One day Grace Chalk sees her boyfriend standing at the other side of the street. Except Alex is dead. And so starts Deerleap by Sarah Walsh, a combination of love story [Grace and Alex], detective story [is Alex really alive, if so where is he?] and the nature of blame [marriage breakdown] and grief. Sarah WalshWalsh has written an assured story, handling the emotional complexities with a gentle touch making the twists and turns even more surprising when they arrive.
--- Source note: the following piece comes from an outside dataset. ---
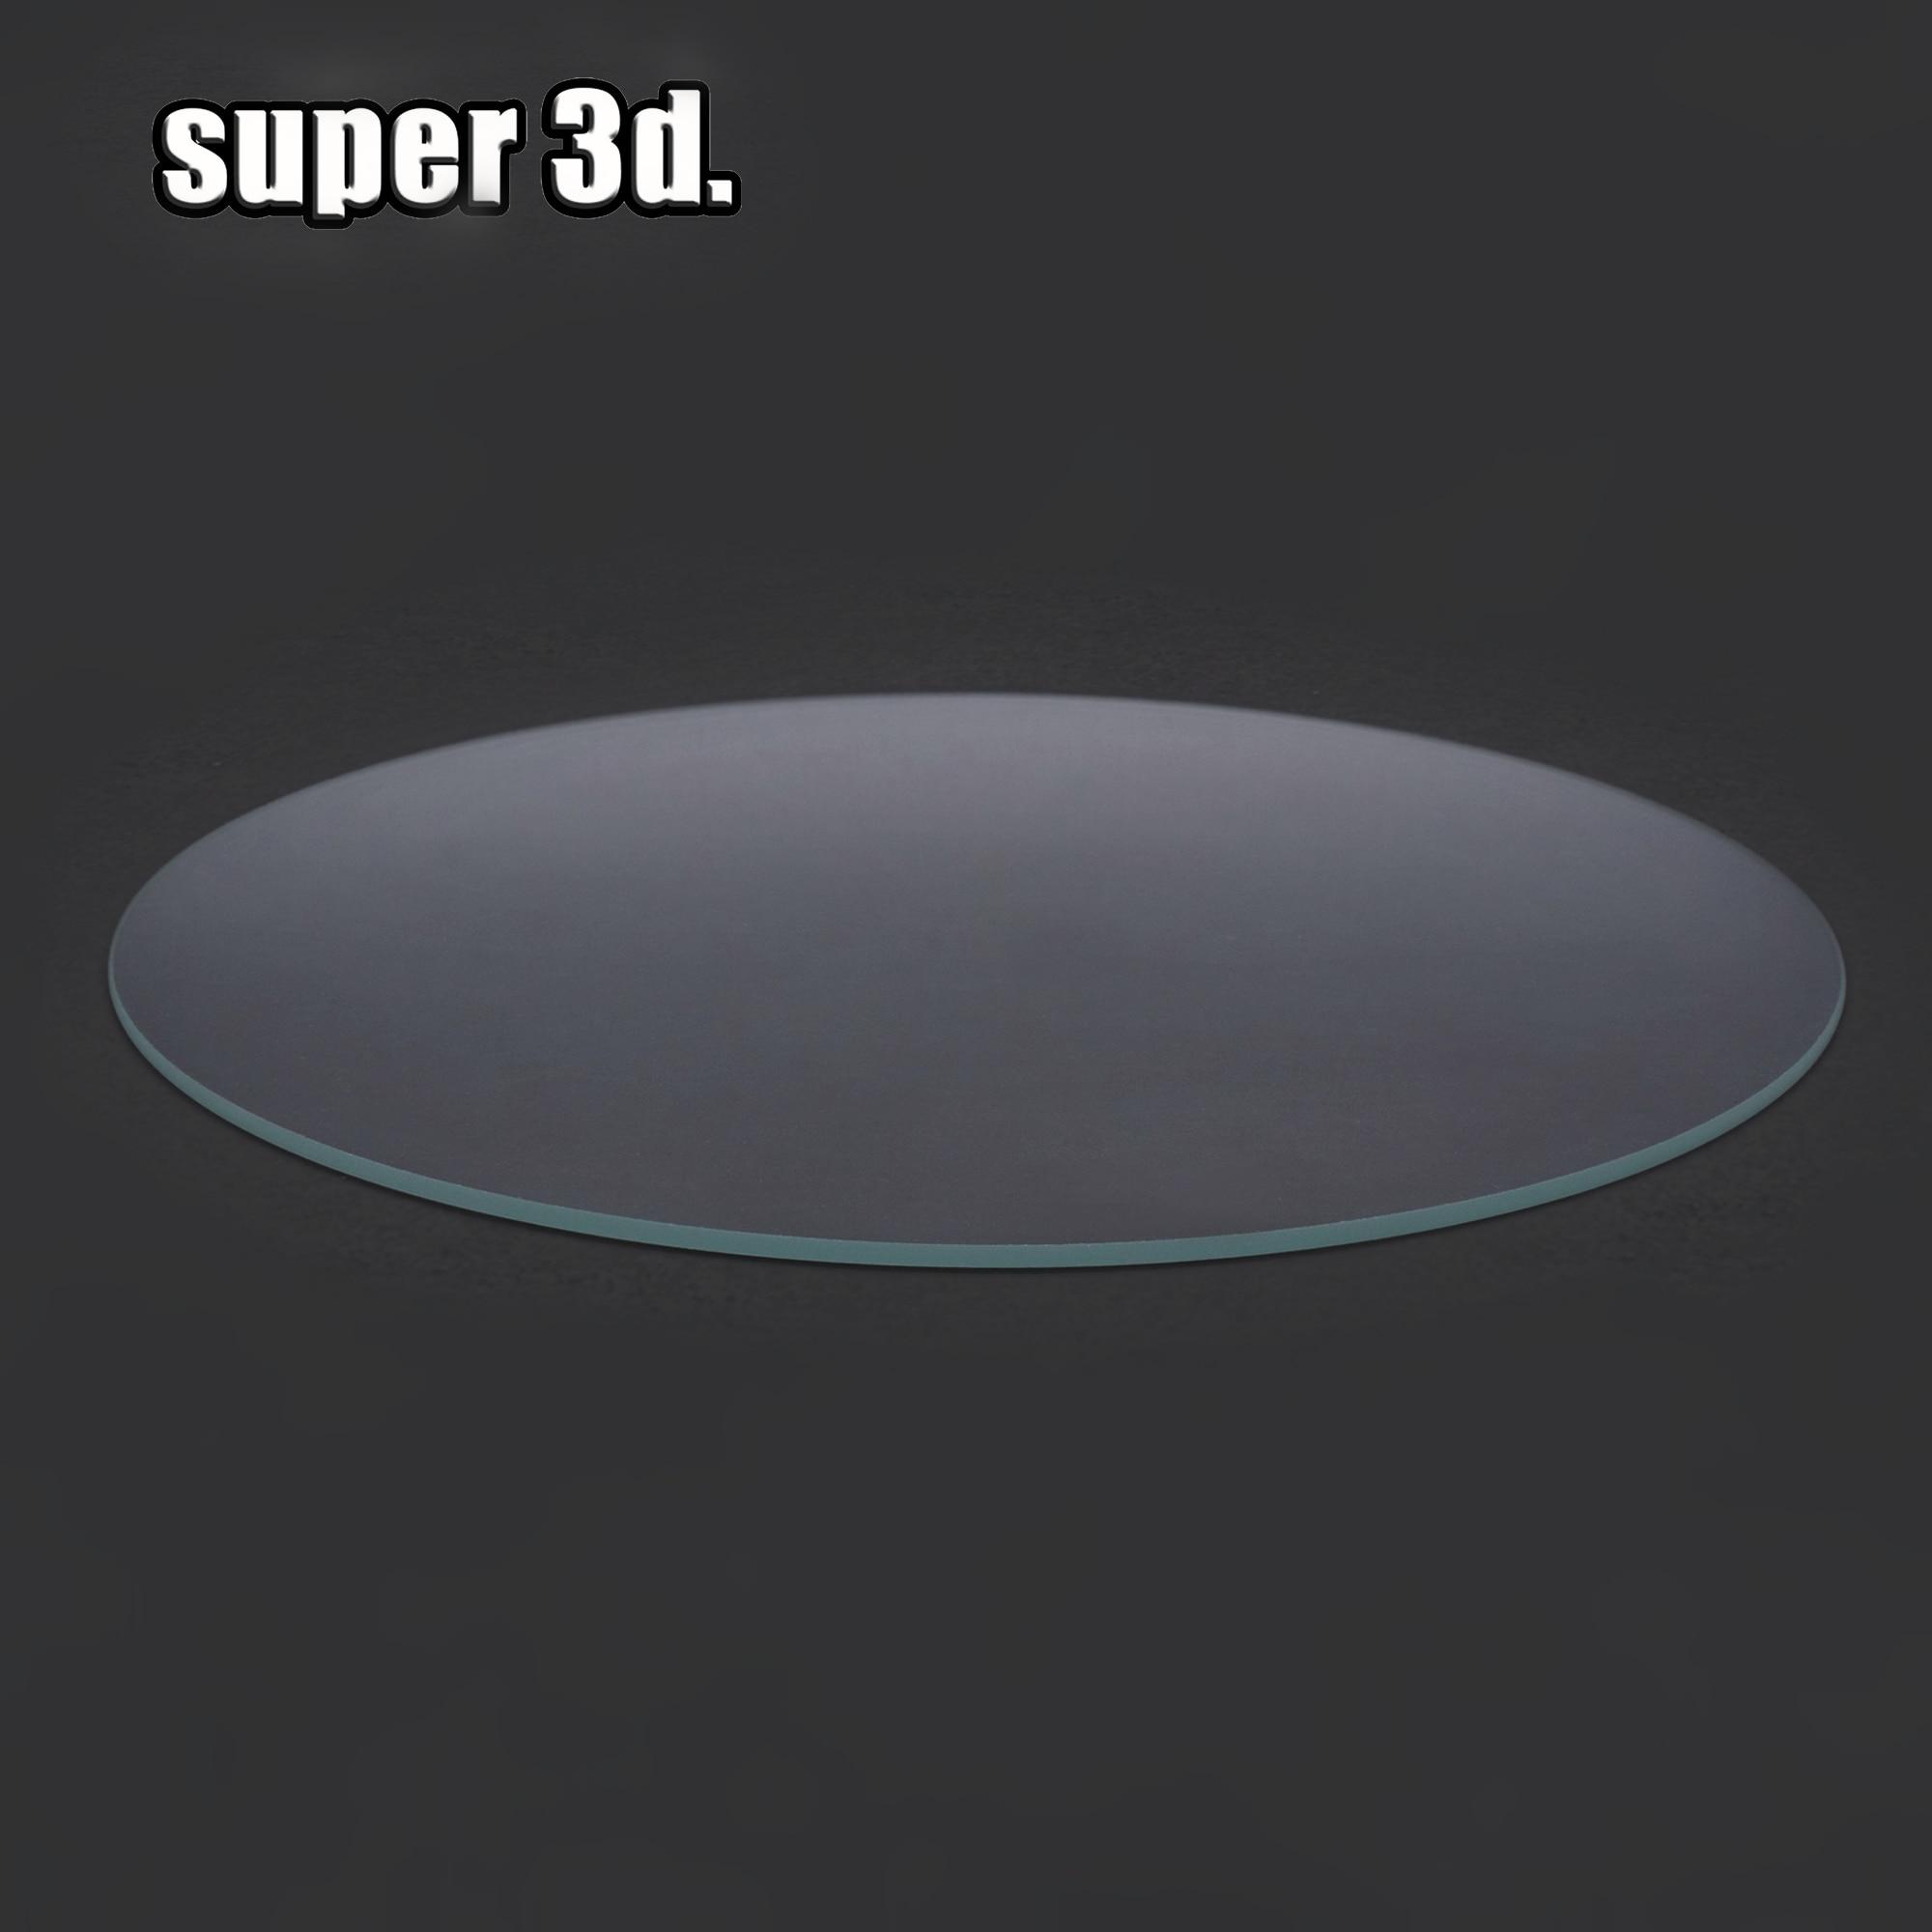 lowest price ANYCUBIC Photon-S 3D Printer Dual Z axis Quick Slice 405nm Matrix UV Module SLA 3d Printer Resin Photon S Upgraded Impresora 3d

When the story opens, seven years have passed since the car accident in which Grace’s father and her stepmother Polly were killed, her sister Rita seriously injured, and her boyfriend Alex disappeared. Alex’s body was never found. Rita has never talked about what happened, she is emotionally vulnerable, spiky and prone to hitting her sister. Grace’s mother still resents being deserted by her husband and Grace worries that her anger will turn into depression and suicide. At the centre of the story stands Deerleap, the remote country house where Alex grew up and where Grace visits her father as he sets up his new home with Polly. It all sounds idyllic, except seven years later, Deerleap stands empty awaiting the legal deadline when Alex can be declared legally dead and the house sold. This is the catalyst which sparks this chain of events.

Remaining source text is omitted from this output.